VI. Extension de bassin à travers

 
 

Vous me pardonnerez pour la traduction approximative. Cet exercice nécessite un peu de bricolage comme vous le voyez vu qu’il nécessite une corde ou un câble. Sans ce dernier, vous allez galérer si vous prenez directement la bande élastique.

C’est clairement pas mon exercice préféré en termes de sensation mais il comporte un point intéressant : l’amplitude.

Lourd : Non
Moyen : Bof
Léger : Oui


VII. Soulevé de terre unilatéral

 
 

Je vous bassine avec cet exercice encore une fois. C’est mon préféré en terme d’extension de hanche en extérieur. Les sensations sont superbes, on peut charger relativement facilement. Au bout d’un moment, le déséquilibre horizontal devient malheureusement trop fort pour du lourd.

Lourd : Oui mais pas la meilleure application.
Moyen : Oui
Léger : Oui



VIII. Soulevé de terre aux mini-bandes

 
 

Il s’agit de la super surprise de ce cycle d’hypertrophie.
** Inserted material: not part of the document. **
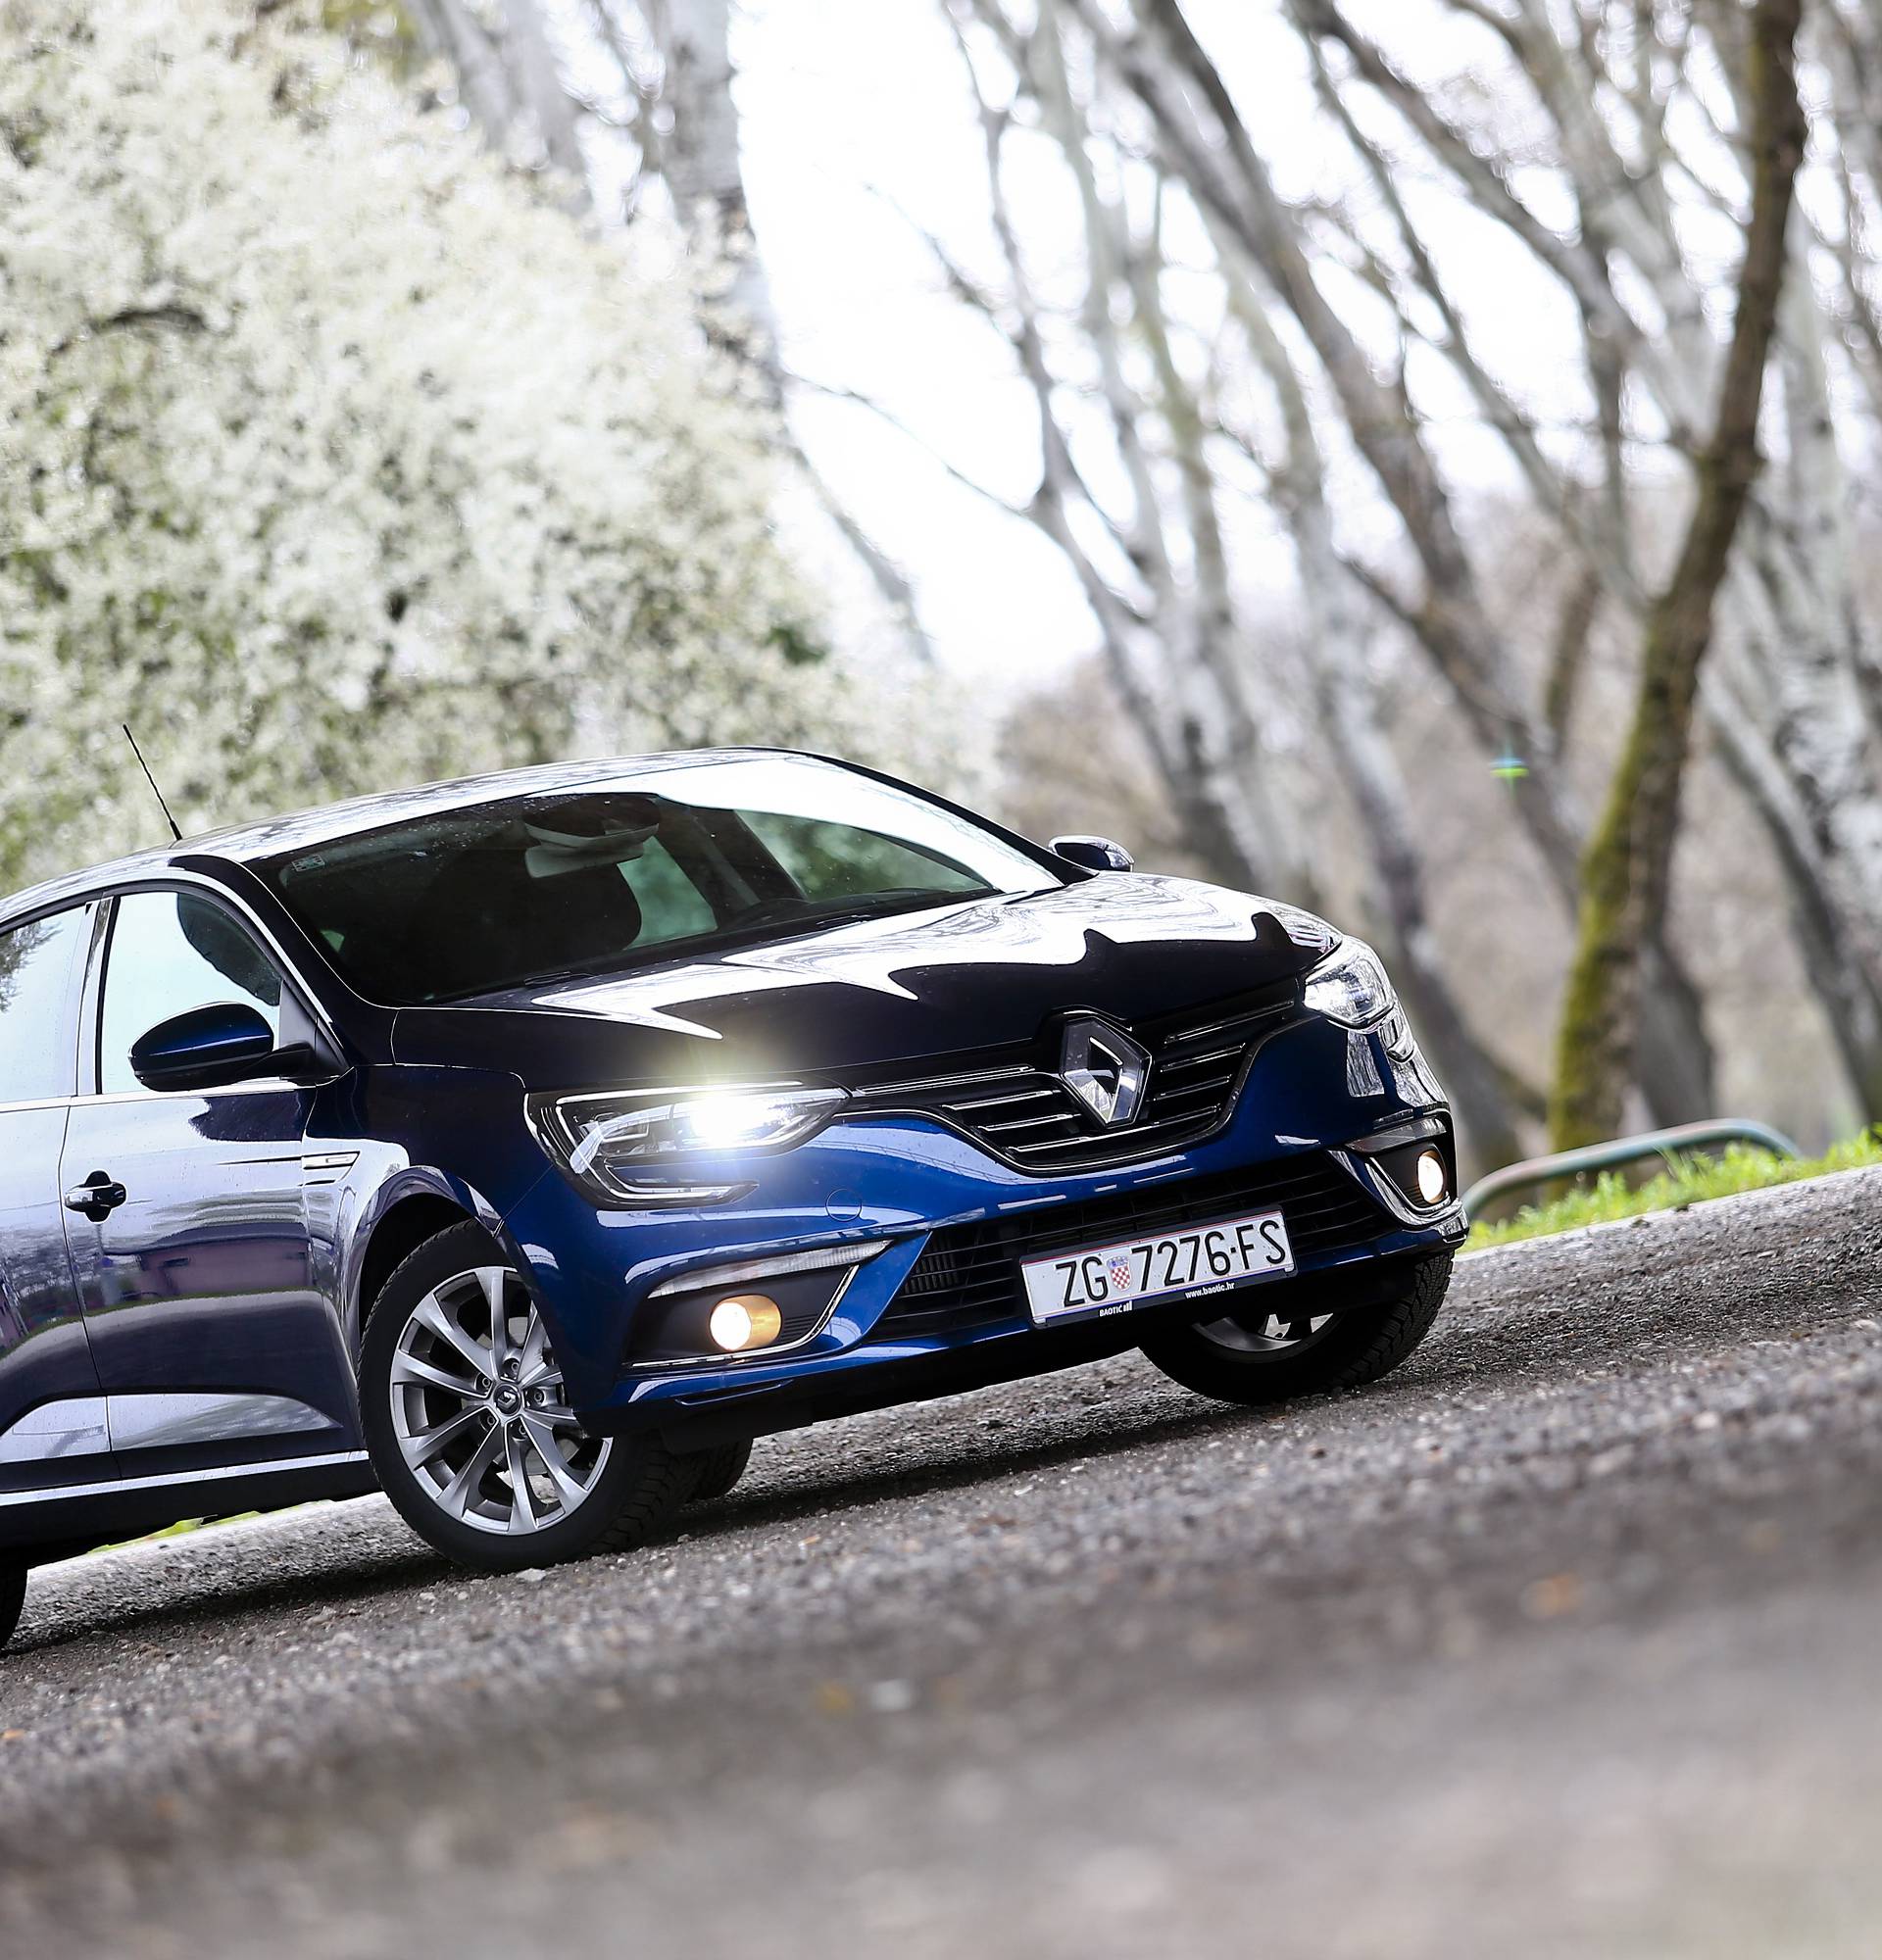 Stigao je novi Renault Megane: Vrlo štedljiv, moderan i udoban

Je faisais joujou avec mes vieilles mini-bandes de Sci-Sport et j’ai testé de faire du soulevé de terre unilatéral et bilatéral avec les plus résistantes et j’ai été agréablement surpris. La possibilité de résistance est super large et la sensation super bonne. J’ai réalisé que Roguefitness proposait pas mal de mini-bandes différentes et je pense en commander un petit paquet pour m’essayer à la musculation avec cet outil afin d’en voir les possibilités.

Lourd : Oui
Moyen : Oui
Léger : Oui

Conclusion

Travailler en extérieur l’extension de hanches me paraît plus facile que de travailler l’extension de genoux. On peut facilement plus travailler en lourd et sur les différentes possibilités de répétitions.